Computational prediction of phosphorylation sites of SARS-CoV-2 infection using feature fusion and optimization strategies

SARS-CoV-2's global spread has instigated a critical health and economic emergency, impacting countless individuals. Understanding the virus's phosphorylation sites is vital to unravel the molecular intricacies of the infection and subsequent changes in host cellular processes. Several computational methods have been proposed to identify phosphorylation sites, typically focusing on specific residue (S/T) or Y phosphorylation sites.
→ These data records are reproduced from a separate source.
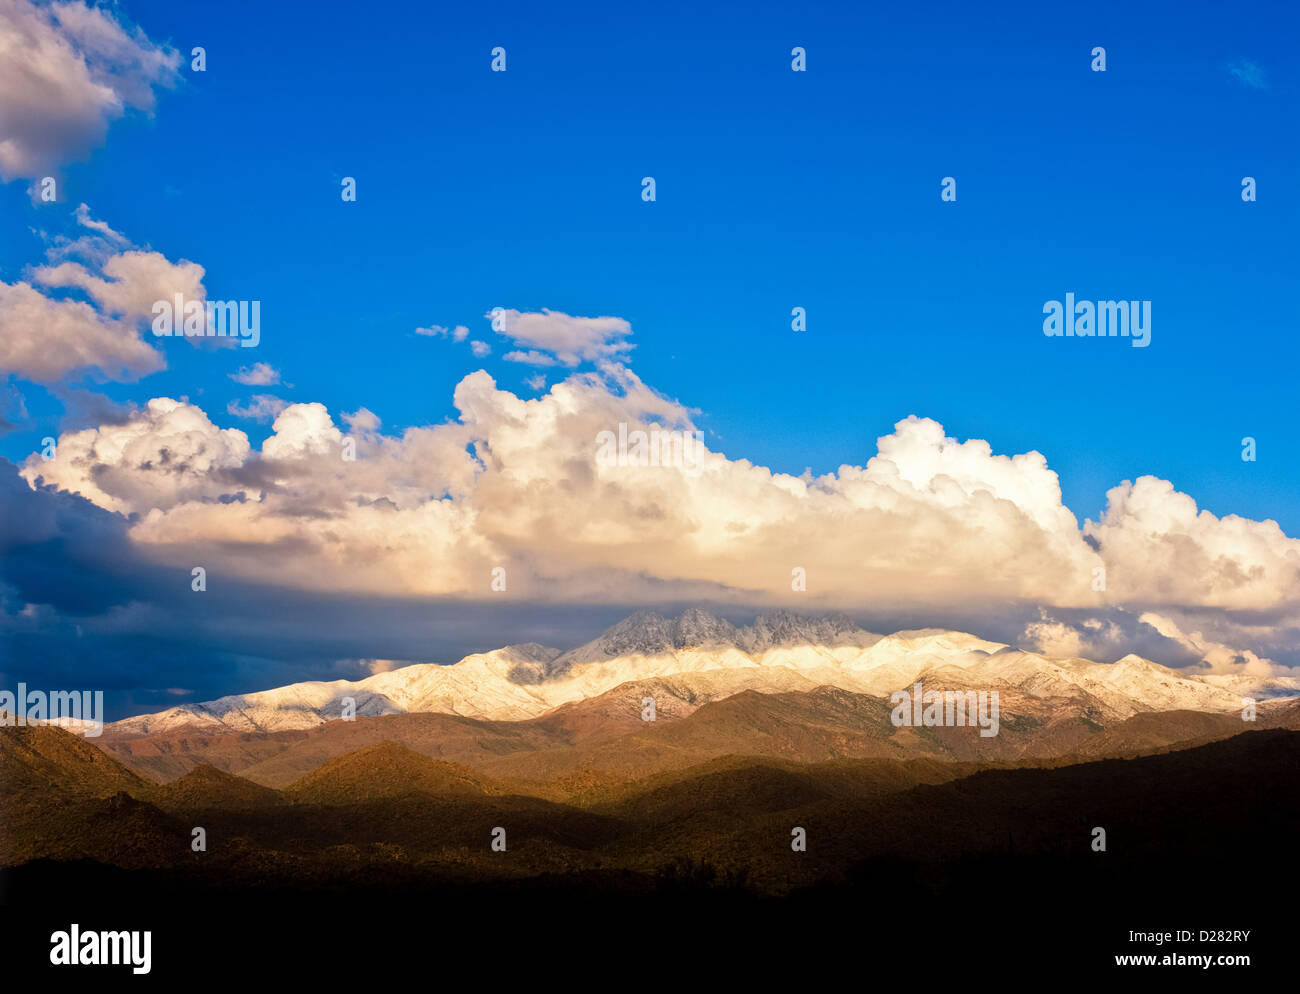 Mazatzal montagne, Tonto National Forest, AZ. Stati Uniti d'America "Quattro picchi' quattro cime delle montagne. Foto Stock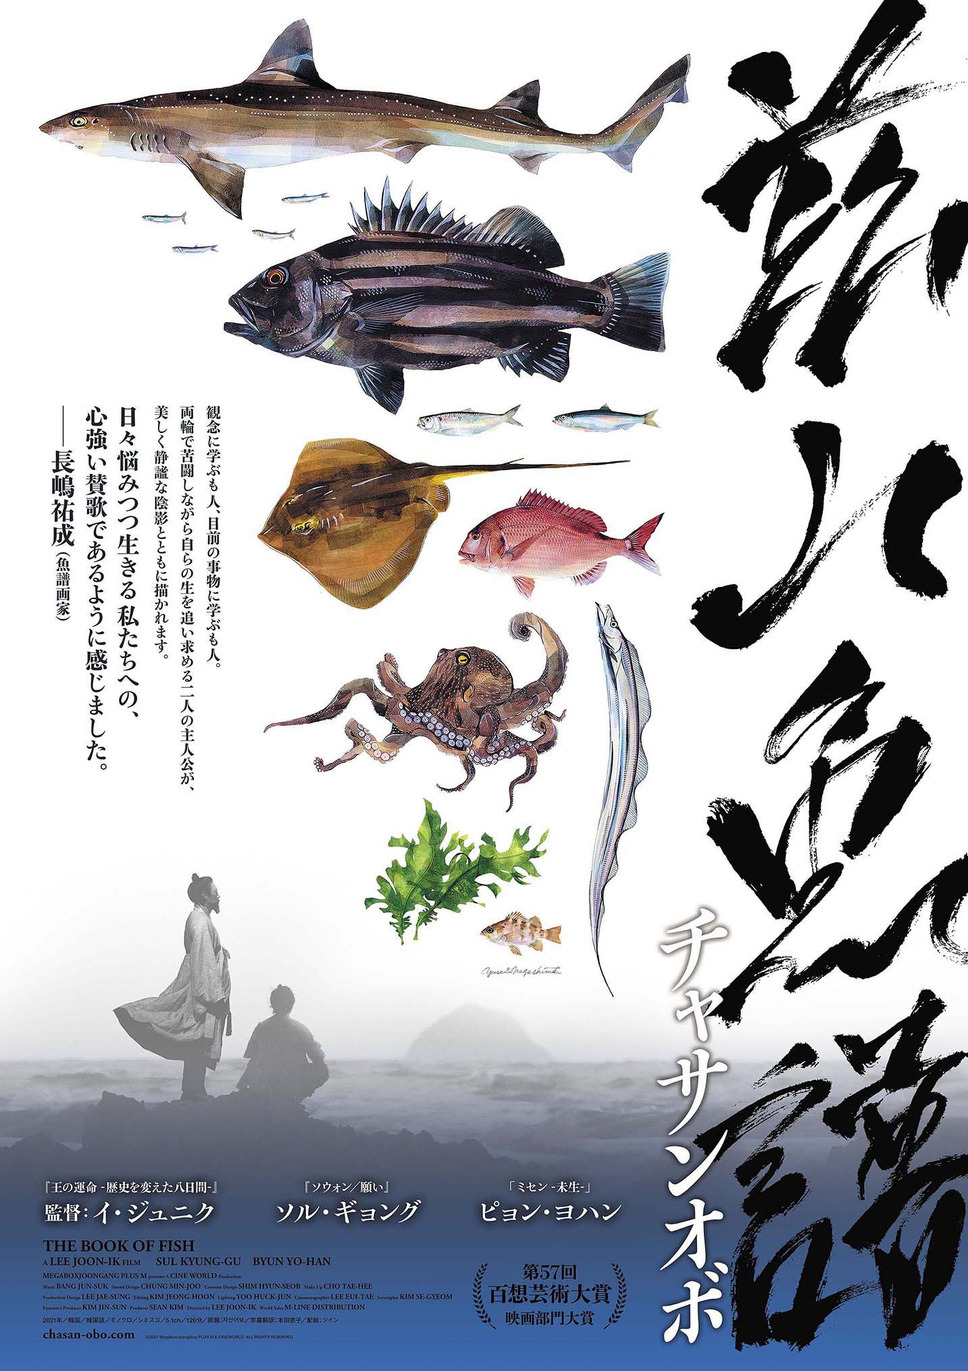 茲山魚譜-チャサンオボ- 5枚目の写真・画像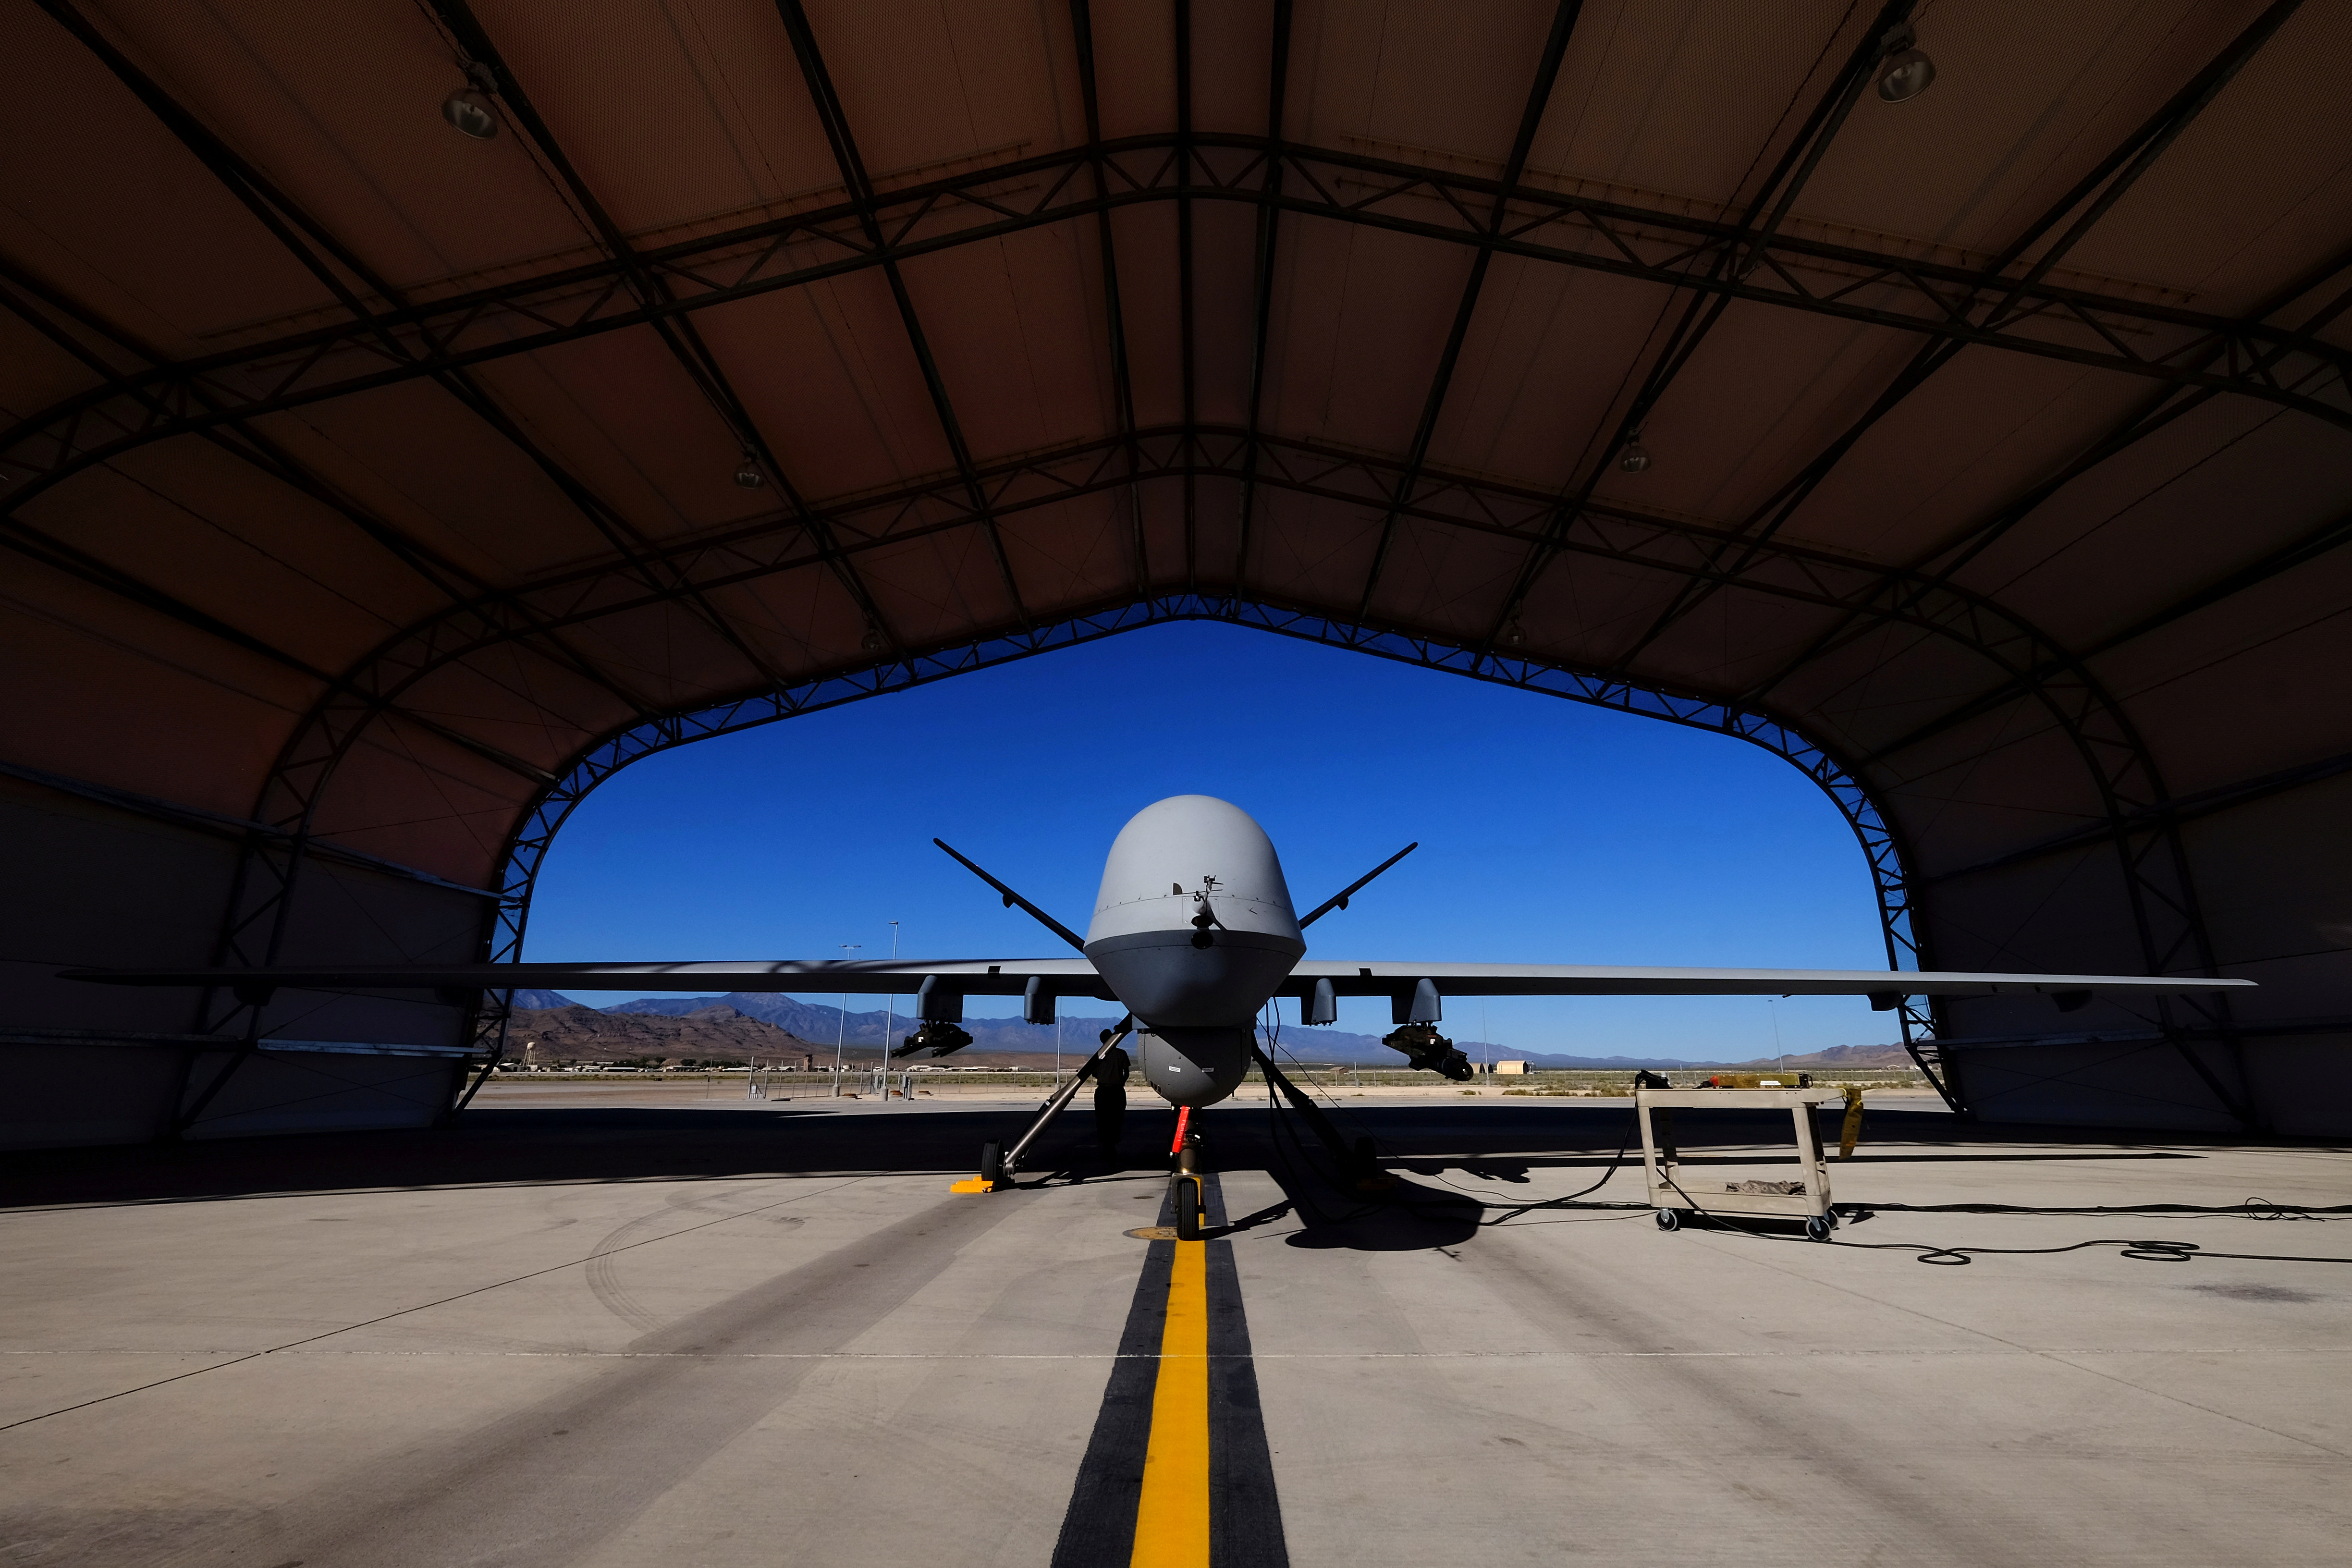 La verdad detrás de la historia que indicó que un drone controlado por Inteligencia Artificial mató a su operador durante una simulación

Unfortunately, current predictive tools perform best on these specific residues and may not extend their efficacy to other residues, emphasizing the urgent need for enhanced methodologies. In this study, we developed a novel predictor that integrated all the residues (STY) phosphorylation sites information. We extracted ten different feature descriptors, primarily derived from composition, evolutionary, and position-specific information, and assessed their discriminative power through five classifiers. Our results indicated that Light Gradient Boosting (LGB) showed superior performance, and five descriptors displayed excellent discriminative capabilities. Subsequently, we identified the top two integrated features have high discriminative capability and trained with LGB to develop the final prediction model, LGB-IPs. The proposed approach shows an excellent performance on 10-fold cross-validation with an ACC, MCC, and AUC values of 0.831, 0.662, 0.907, respectively. Notably, these performances are replicated in the independent evaluation. Consequently, our approach may provide valuable insights into the phosphorylation mechanisms in SARS-CoV-2 infection for biomedical researchers.